The doctor fell silent. He walked to the window. He looked out.
"We'll have to talk about evolution another time. Not now."
Then he paused again. He walked back to Susan and took another subject:
"You must admit that without abortion there would be too many people on earth, right?"
"No, not exactly right."
"Think of it. Some girls get pregnant and cannot afford it. What becomes of their offspring? Beggars!"
He pronounced the word as if it were dirtier than words like "slut".
"Well, I would think any sane beggar prefers having been born," ventured Susan.
"No, no, no: any sane beggar knows he is a burden to society and regrets the day he was born and conceived. You will at least admit condoms are useful to decrease the numbers of the unproductive?"
"No, if they are unproductive it just means they are out of work, usually."
"But if there was no work for them to earn their living with ... why should they have the burden of existance?"
Susan felt as if she was talking to a doctor who had been active in experiments in those horrid camps.

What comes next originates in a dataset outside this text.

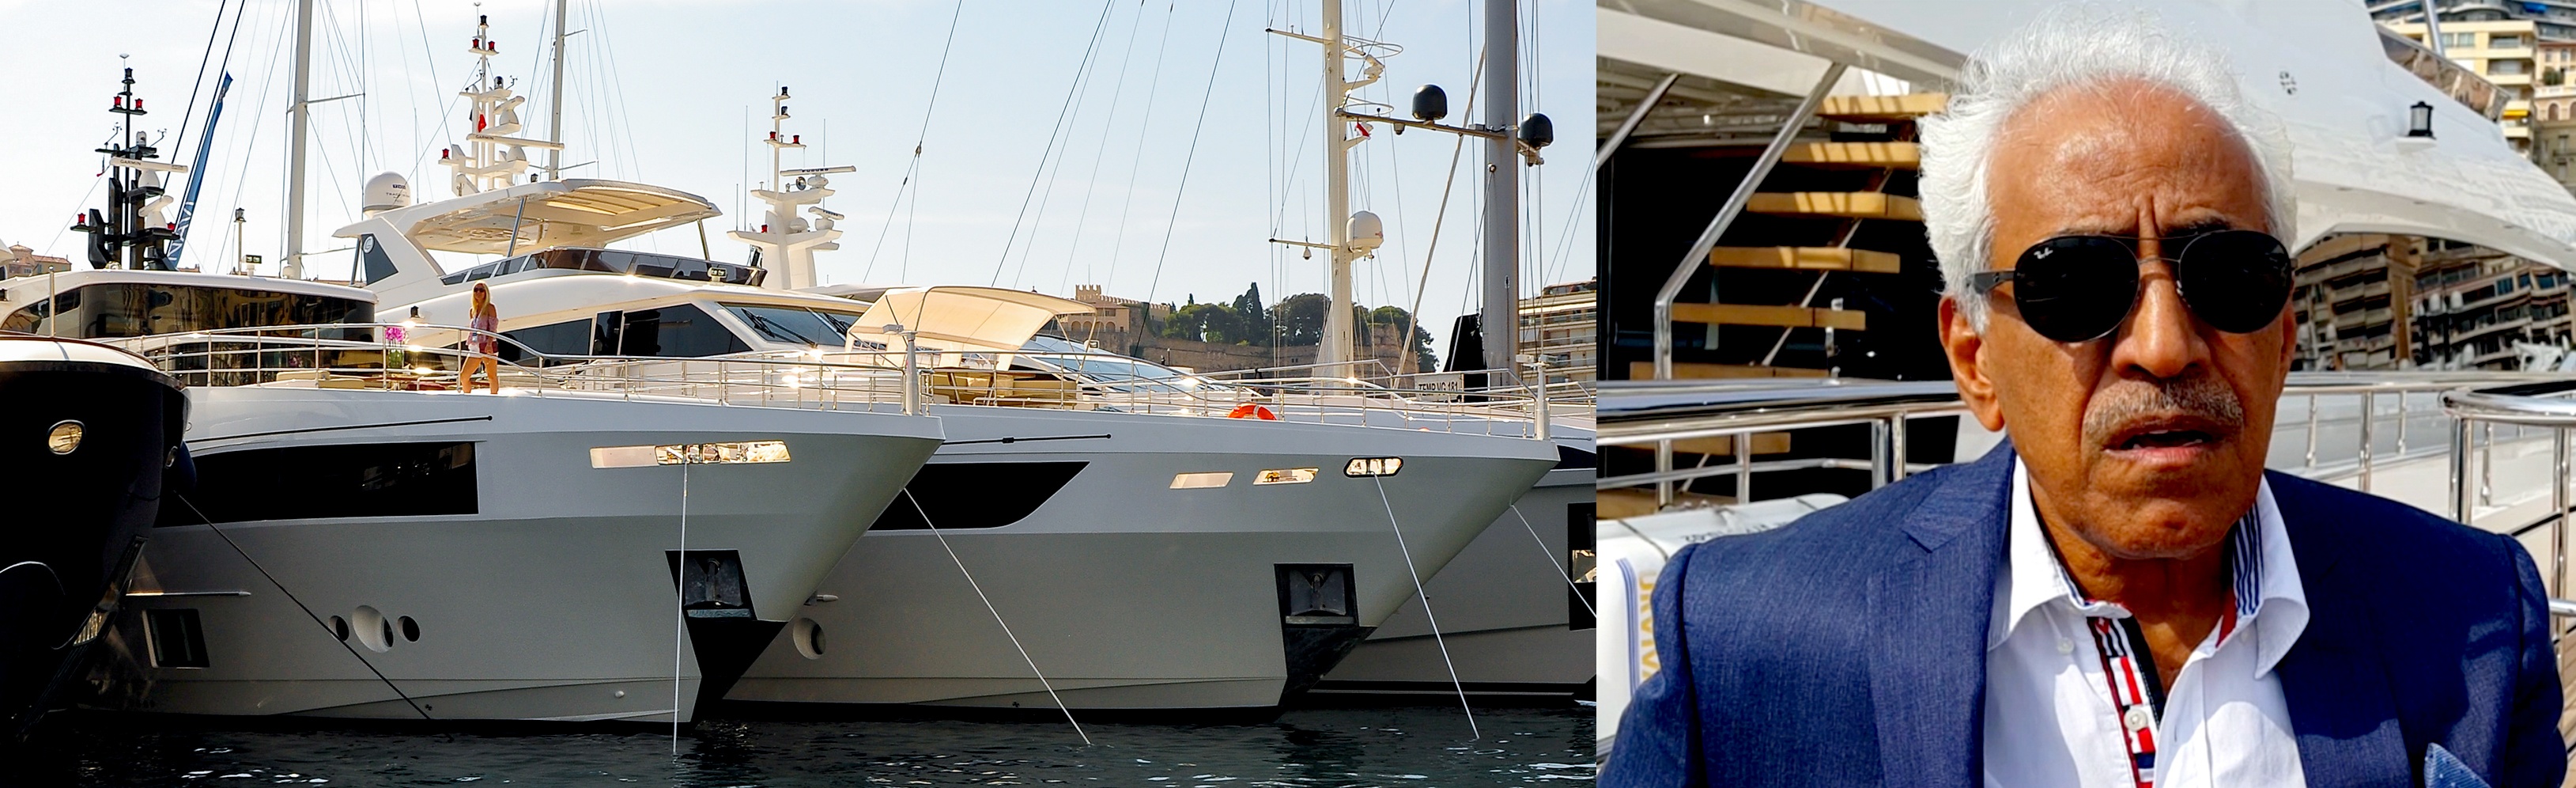 Mohammed-Alshaali,-Monaco-Yacht-Show.jpg

Pa said that too few doctors were tried at Nuremberg - and ma heartily agreed. While they lived, that is.
"Why could there not be work for them?"
"They are no longer needed at the farms for one. Nearly everyone lives in cities nowadays. More and more so, actually. So, if one cannot find a decent work in a city, one might as well not have been born."
"If left to themselves, with enough food, people usually find something to do and appreciate each other for, economically as well."
"But have you thought what happens when the petrol ceases to flow? Tractors won't work, so less food will be produced. Cars won't work, so less of the food will get to town. People will die in millions!"
"It's hardly tractors and cars that produce the food ..."
"What is that supposed to mean?"
"With people getting back to the country, there will be less need of tractors for plowing, or none at all, and for them no need of the cars either, since they live where the food grows."
"But people are not getting back to the country. It's against progress. It's against evolution. It's against the development."
"How do you know that?"
"Look at what's happening now. People are more and more moving away from farms, especially after the tractors took over their work during war. They won't want to go back. They'd rather die than go back."
"Because it has been going on for quite a while and the trend has not been reversed."
Susan thought a bit of whether there had not been an opposite trend away from cities during the fall of the Roman Empire, but history was not her best subject. So she asked a more principled question:
"So if a trend has gone on in one direction, without being reversed, does that mean to you it will go on forever in that direction?"
"Maybe not forever, but highly unlikelty it changes over night either."
"Why not try to change it to save lives, then?"
"Because that would be against progress."
"Even if progress kills?"
"Just because it is a trend that has been going on?"
"Now, that is fuddled!"
She was usually in the habit of thinking so herself up till now, but she was not so hard into the habit as to condone murderous conclusions of it.
"Ah, it is I who am fuddled, is it?"
"It was you who said ..."
"Enough. It was you who shot arrows into the arm of a policeman, in the vain hope to stop an abortion."
"Vain or not, that is why I did it." Susan did not feel any regrets about that.
"Now, that is what I call fuddled. And here the one who decides what is fuddled is ... I."
He said so with tragic grandour, turned and told his assistant: "she'll have to stay a few days at least," and then walked out.